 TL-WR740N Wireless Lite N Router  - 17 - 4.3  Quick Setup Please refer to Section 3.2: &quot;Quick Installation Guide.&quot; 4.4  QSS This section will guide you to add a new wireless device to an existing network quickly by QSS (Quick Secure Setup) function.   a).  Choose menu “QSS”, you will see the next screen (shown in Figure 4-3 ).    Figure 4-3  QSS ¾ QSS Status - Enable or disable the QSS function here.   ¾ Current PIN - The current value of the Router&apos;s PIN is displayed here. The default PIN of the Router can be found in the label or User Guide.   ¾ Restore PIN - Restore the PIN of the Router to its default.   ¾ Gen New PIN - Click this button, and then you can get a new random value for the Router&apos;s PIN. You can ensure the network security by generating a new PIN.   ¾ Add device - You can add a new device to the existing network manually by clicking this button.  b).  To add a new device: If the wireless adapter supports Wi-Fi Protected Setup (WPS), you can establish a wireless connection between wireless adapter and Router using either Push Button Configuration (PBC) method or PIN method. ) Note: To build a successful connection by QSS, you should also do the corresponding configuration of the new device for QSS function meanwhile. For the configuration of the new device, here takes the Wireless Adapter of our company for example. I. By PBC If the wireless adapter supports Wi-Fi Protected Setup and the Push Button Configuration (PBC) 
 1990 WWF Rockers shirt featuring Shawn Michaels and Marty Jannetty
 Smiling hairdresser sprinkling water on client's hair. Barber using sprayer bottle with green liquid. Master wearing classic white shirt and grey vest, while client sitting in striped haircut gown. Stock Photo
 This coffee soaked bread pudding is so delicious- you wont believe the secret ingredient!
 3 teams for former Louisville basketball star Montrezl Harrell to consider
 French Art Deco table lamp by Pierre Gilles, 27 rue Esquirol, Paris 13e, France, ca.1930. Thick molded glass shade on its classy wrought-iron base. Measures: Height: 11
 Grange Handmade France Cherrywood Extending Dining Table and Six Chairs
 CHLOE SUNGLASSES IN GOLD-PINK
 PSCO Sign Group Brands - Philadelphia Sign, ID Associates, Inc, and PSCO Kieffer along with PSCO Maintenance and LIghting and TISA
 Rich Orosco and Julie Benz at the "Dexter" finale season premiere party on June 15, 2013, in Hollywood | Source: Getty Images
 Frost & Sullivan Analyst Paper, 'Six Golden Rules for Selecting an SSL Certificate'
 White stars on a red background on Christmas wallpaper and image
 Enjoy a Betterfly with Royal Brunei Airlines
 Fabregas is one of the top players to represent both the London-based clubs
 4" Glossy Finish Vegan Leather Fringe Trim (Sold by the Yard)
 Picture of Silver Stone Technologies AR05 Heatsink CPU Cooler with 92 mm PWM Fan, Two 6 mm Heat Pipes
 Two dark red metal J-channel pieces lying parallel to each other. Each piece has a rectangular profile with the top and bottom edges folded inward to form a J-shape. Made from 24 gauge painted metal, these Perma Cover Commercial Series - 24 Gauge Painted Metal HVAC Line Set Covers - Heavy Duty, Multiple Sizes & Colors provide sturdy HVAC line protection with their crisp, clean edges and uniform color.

++++++

## [EXERCISE OBJECTIVE]
Look back at the data above. Transcribe exactly the lines starting at the line that contains "This coffee soaked" and ending at the line that contains "Grange Handmade France".

## [ANSWER BOX]
 This coffee soaked bread pudding is so delicious- you wont believe the secret ingredient!
 3 teams for former Louisville basketball star Montrezl Harrell to consider
 French Art Deco table lamp by Pierre Gilles, 27 rue Esquirol, Paris 13e, France, ca.1930. Thick molded glass shade on its classy wrought-iron base. Measures: Height: 11
 Grange Handmade France Cherrywood Extending Dining Table and Six Chairs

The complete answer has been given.